Dataset section:

-=-=-=-=-

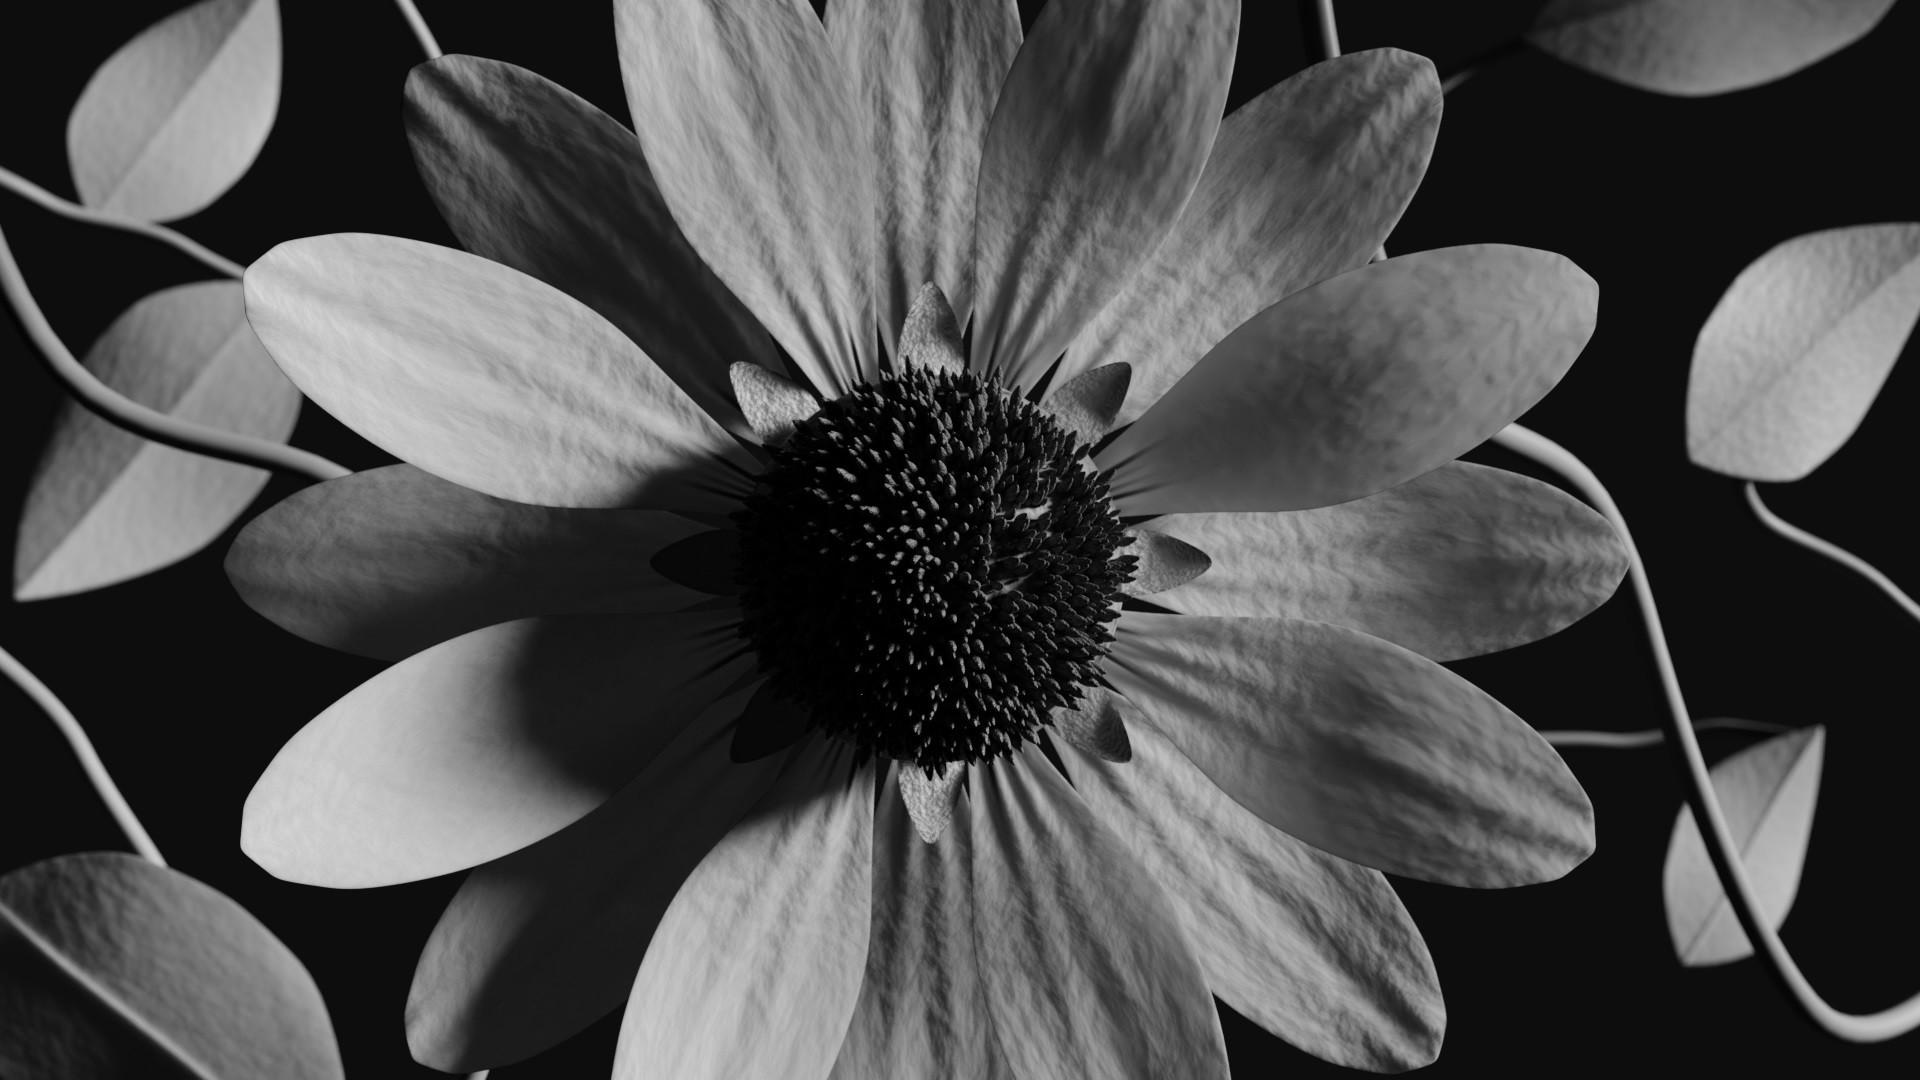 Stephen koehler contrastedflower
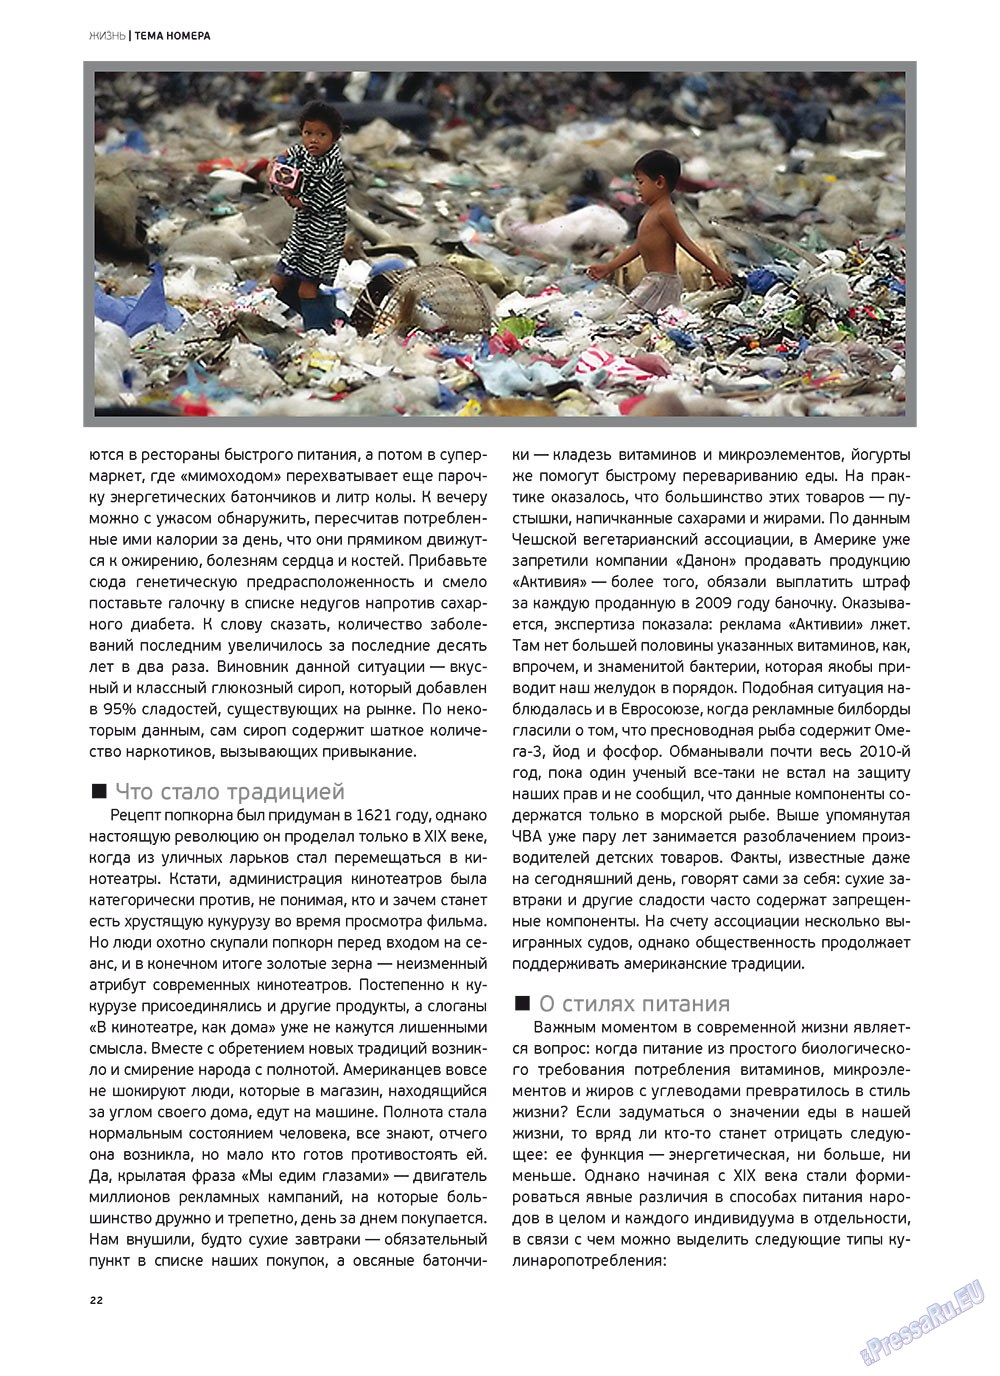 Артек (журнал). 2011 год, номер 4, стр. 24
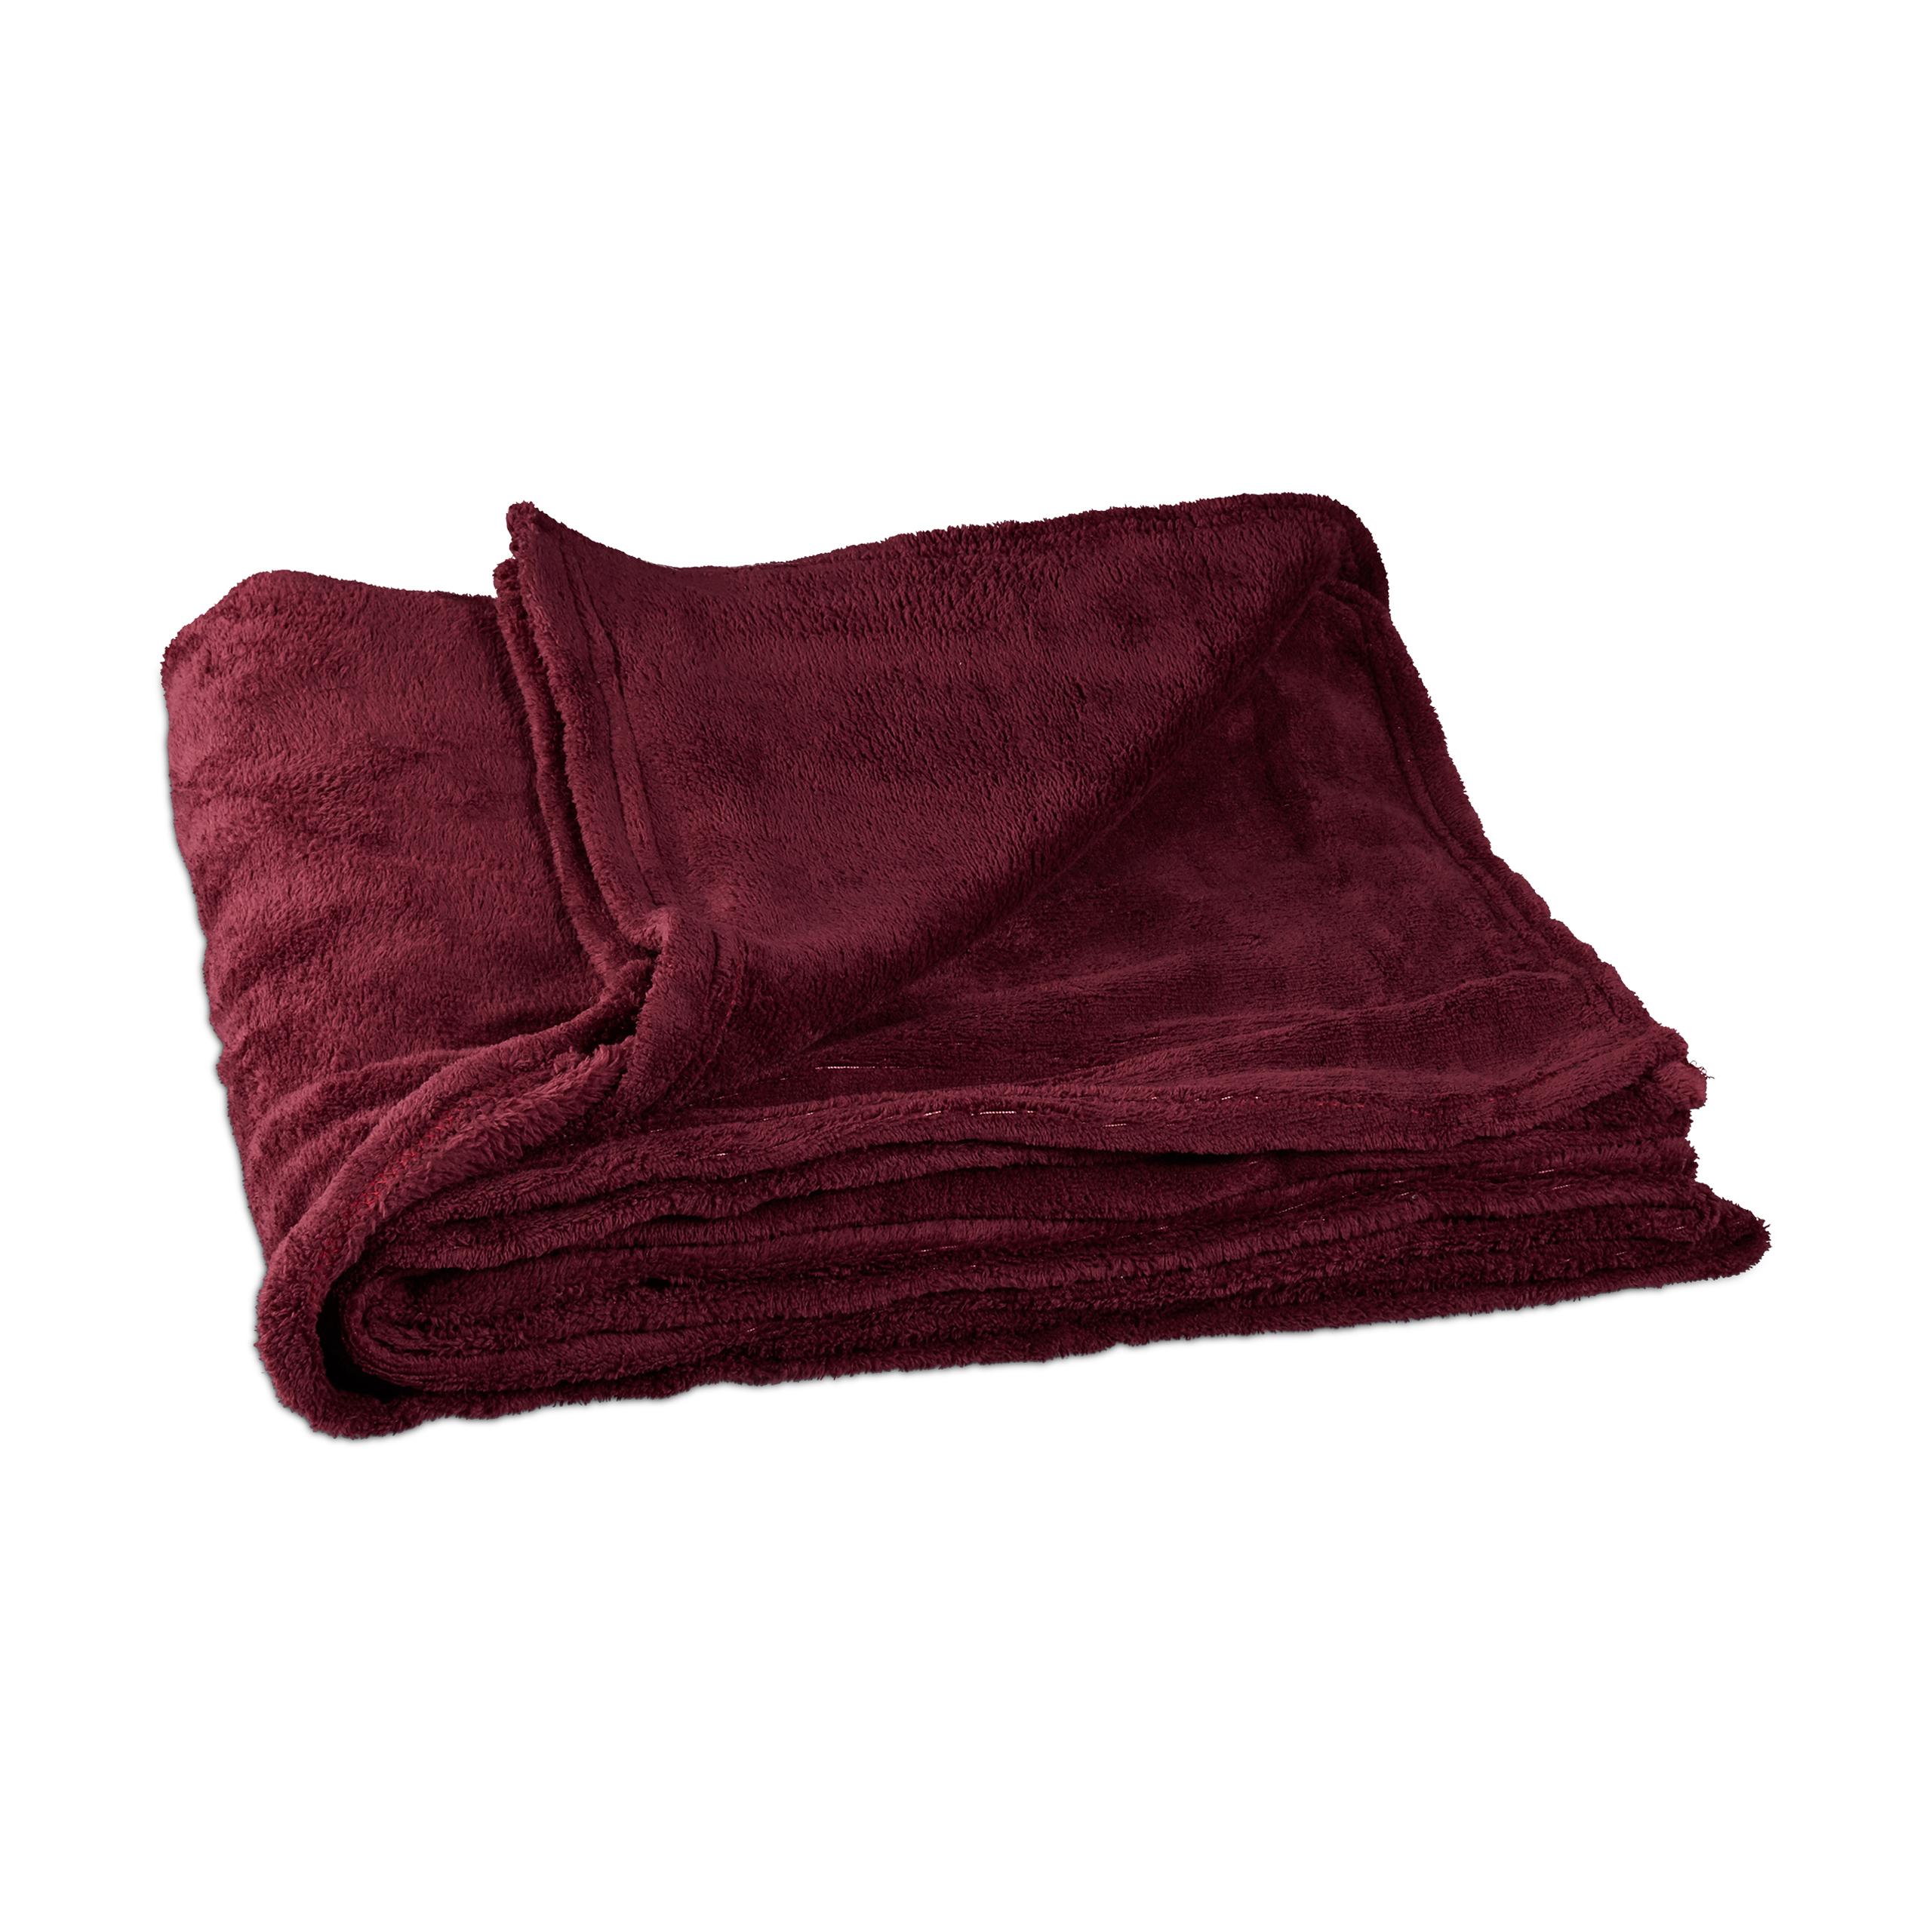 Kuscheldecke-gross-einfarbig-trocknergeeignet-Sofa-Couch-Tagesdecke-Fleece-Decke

-=-=-=-=-

Exercise details: Exactly as given, set down each line of the material, but include no pictures.

Solution:
 Stephen koehler contrastedflower
 Артек (журнал). 2011 год, номер 4, стр. 24
 Kuscheldecke-gross-einfarbig-trocknergeeignet-Sofa-Couch-Tagesdecke-Fleece-Decke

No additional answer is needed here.